A pioneer in the field of architectural lighting, Bill Lam ‘49 has changed the way streets, airports, schools, office buildings, indoor tennis courts, and concert halls are illuminated.

Early in his career, Lam introduced the then-radical notion that lighting should be considered from the beginning of the architectural design process, not at the end. Further, he broadened the notion of lighting sources to include more daylight, when possible, and combinations of ambient and task lighting for interior spaces. “The way to make a structure glow is to light the walls and the ceilings,” says Lam, who likes to light rooms from the floor up. His design principles, which created more natural and pleasant rooms and buildings, are now in widespread use.

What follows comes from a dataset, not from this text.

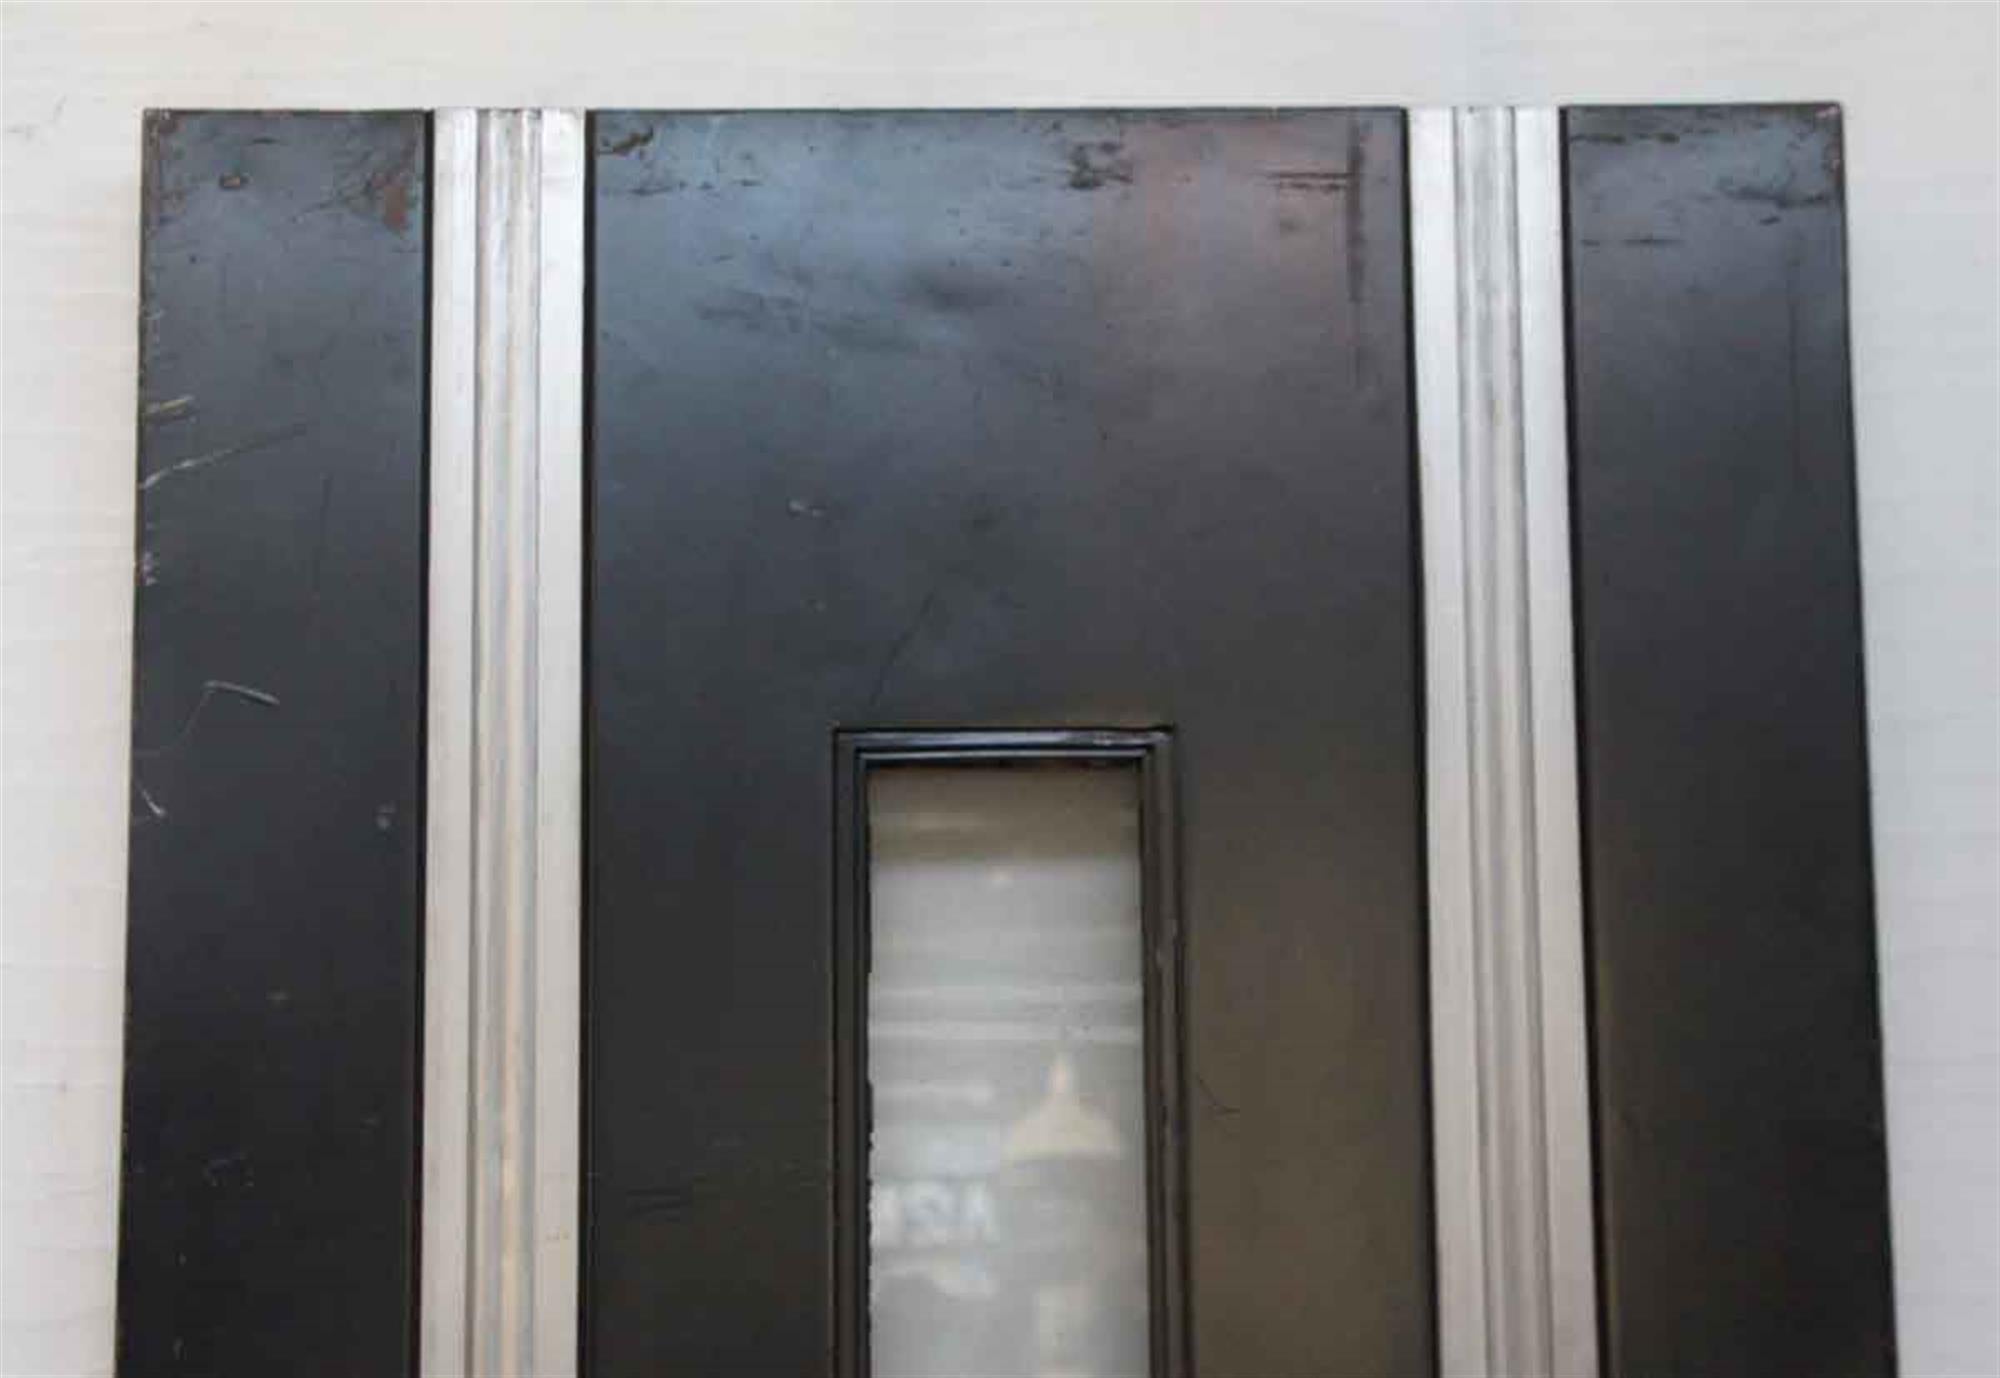 Art Deco black metal door with deco silver details and one thin glass strip in the center. From the 1930s Hayden Planetarium. This can be seen at our 1800 South Grand Ave location in Downtown LA.
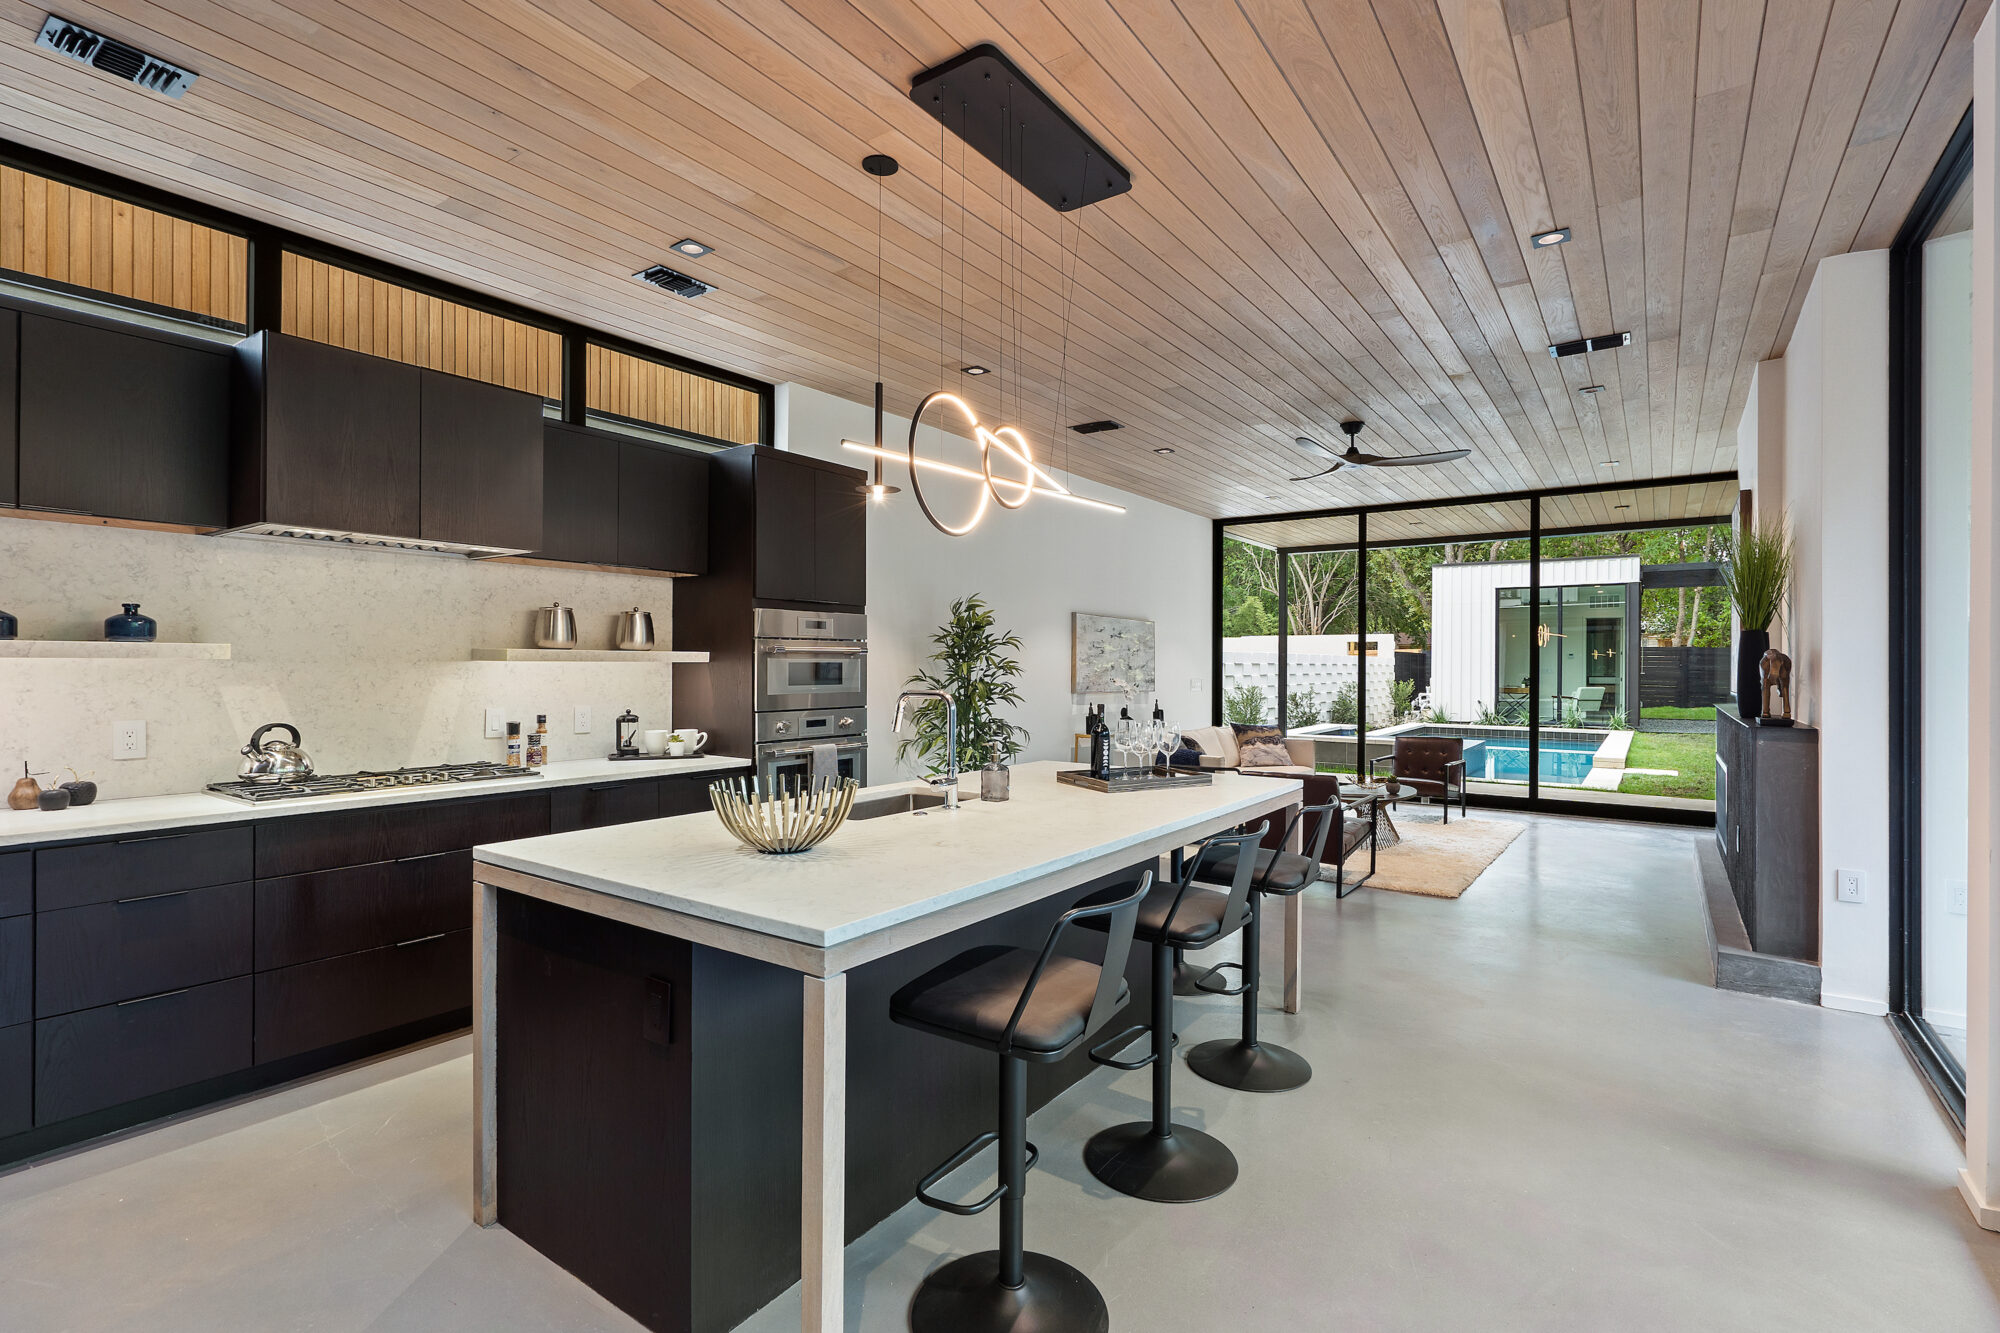 A contemporary kitchen featuring a wooden ceiling and sleek black appliances.

Lam grew up in Honolulu and came to Cambridge in fall 1941. When Pearl Harbor was bombed on December 7, it took him several days to find out that his family was okay. Sophomore year, he enlisted in the U.S. Army Air Force; he flew 37 bombing missions in Southeast Asia before returning to school.
Lam returned to MIT to study architecture and was deeply influenced by Finnish modernist Alvar Aalto, who designed Baker House and taught on campus. A lamp, however, launched his career. After graduation, Lam designed his own gooseneck floor lamp with a clip-on diffuser shade, and soon friends began to ask where they could get one. He started a lamp factory (as Aalto himself had done) and soon began winning design awards. In 1959 he sold the company—now a division of Philips—and began consulting with architects and others on the integration of lighting with architecture and urban design. His lighting design work includes the Washington Metro system, the San Diego Convention Center, Denver’s airport, and Manila’s government center, as well as Shanghai hotels and educational buildings at Stanford University.
Lam, who taught at MIT, Harvard, and Yale, is especially proud of his successful crusade against the lighting and electrical-power industries’ promotion of ever-increasing indoor light levels in the 1950s and ’60s. He argued that they wasted energy and created poor lighting conditions. He spoke at industry events and worked with an international committee to publish new lighting guidelines in 1976 that were based on good design, not increased energy sales. Today’s architects work with a lighting-energy budget, which limits energy use and encourages design innovation.
Since retiring from Lam Partners in 1995, Lam has been consulting part time from his antique house near Harvard Square. He has authored seminal books such as Perception and Lighting as Formgivers for Architecture and received honors from the American Institute of Architects, the Professional Lighting Designers’ Association, and the Architectural Lighting Hall of Fame.
Lam and his wife, Dianne, have two sons and one granddaughter. Firm believers in making life changes, the couple recently sold their Florida vacation home. “Now we go to more operas in more cities,” he says.